Lenders are split on whether further rate rises are likely in order to bring inflation back under control.

This follows the Bank of England’s decision to freeze interest rates at 5.25% in March.

Stephen Leonard, director of mortgages at Alliance & Leicester, says: “Over recent past weeks there has been growing consensus in the market that the base rate would not rise beyond its current level in March, and today’s announcement to maintain it at 5.25% reinforces this sentiment.

“And while this most recent Monetary Policy Committee decision will come as a relief to borrowers, we are not out of the woods yet and we shouldn’t be surprised to see at least one further rate rise during the course of 2007.

“The economy is currently growing in line with market forecasts whilst inflation and pay settlements remain the crucial factors to watch.

“Last month’s MPC minutes suggest that further rate rises are very likely if inflation fails to moderate.”

Matthew Wyles, group development director at The Mortgage Works, says: It is encouraging that the MPC made no change to the base rate this month. The case for further rate increases is getting progressively weaker.

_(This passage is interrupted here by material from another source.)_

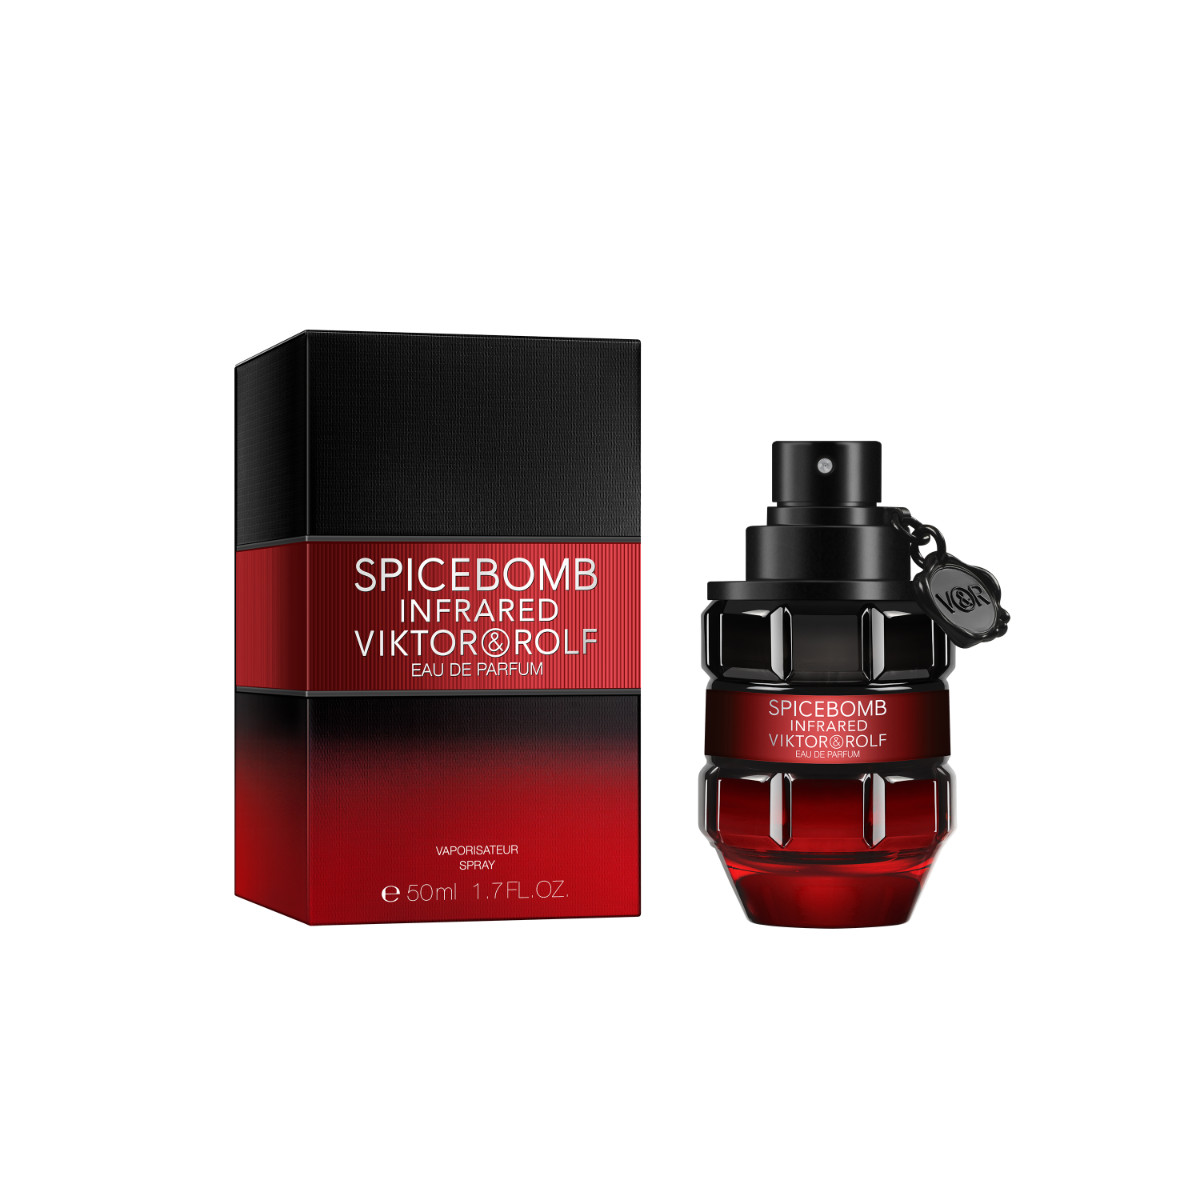 Spicebomb Infrared: The New Eau De Parfum By Viktor&Rolf

Despite some recent modest strengthening, Sterling remains badly overvalued – particularly against the US dollar and yen and it will continue to be a target currency for carry traders.

The housing market, outside the overheated London market, is starting to feel the pinch from the January base rate rise and the current turmoil in the global equity markets can only serve to undermine confidence.

The January rate move was obviously intended as a stitch in time and a further rise now would not make sense until the MPC has given the last hike sufficient time to impact on the economic data.

But Colin Bell, operations director at commercial mortgage lender InterBay, says: “Although most pundits expected the base rate not to change this month, there are plenty of indicators pointing to the need for another rise in the near future.

“The forthcoming Budget may well have been part of the reason for holding off making any change right now, as well as the current global market volatility.

From a commercial perspective, retail sales are continuing to increase and commercial property owners are benefiting from the growth.

“Office space still continues to be heavily occupied and the commercial sector in general is buoyant and could absorb a further rise, albeit an unpopular change.